According to a news release by Reuters.com, the judge declared that the acquisition attempt was anticompetitive and would negatively impact customers. Following the announcement of the merger attempt, both the Justice Department and state attorney generals from six states initiated a lawsuit to counteract it. The Justice Department estimated that this merger would result in an annual net harm of $1 billion to consumers. In response to this ruling, JetBlue announced its intention to challenge it by appealing to the 1st U.S. Circuit Court of Appeals. At present, these airlines rank as the sixth and seventh largest U.S. airlines respectively. Since the court's decision, Spirit airline shares have plummeted over 50%, although they managed to recover by 12% following news of the planned appeal.
In a report by The Guardian, representatives from JetBlue and Spirit stated: "We disagree with the US District Court’s ruling. We continue to believe that our combination is the best opportunity to increase much needed competition and choice by bringing low fares and great service to more customers in more markets while enhancing our ability to compete with the dominant US carriers."

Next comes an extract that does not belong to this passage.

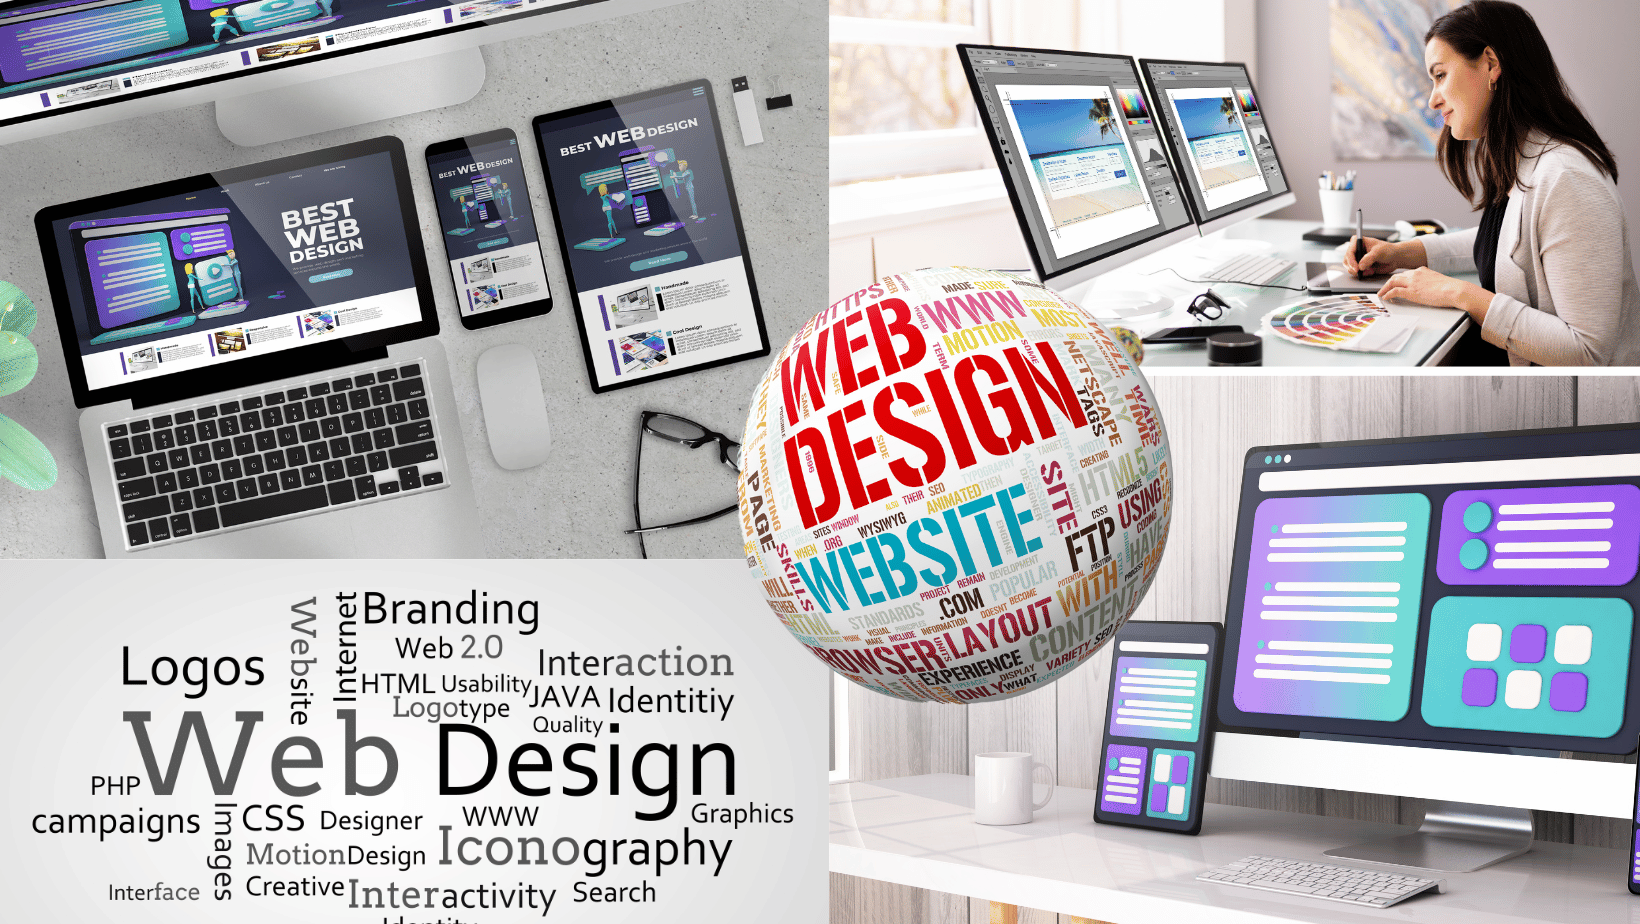 Collage of sharp web design visuals showcasing Ascend Adwerks' Quick Wins services for rapid, high-quality website creation and optimization.

JetBlue also announced plans for strategic adjustments aimed at boosting company profitability. As reported by CNBC, these changes include discontinuing flights from John F. Kennedy Airport to Portland, Oregon, and San Jose, California, as well as from Westchester, New York, to Martha's Vineyard. The airline intends to add service routes towards Caribbean destinations and Paris in an effort to expand their leisure routes. "We can’t fly everywhere we’d like, so we need to be highly selective about where we point our aircraft in order to turn a profit, support our overall network strategy, and offer a reliable operation," said Dave Jehn, the vice president of network planning and airline partnerships.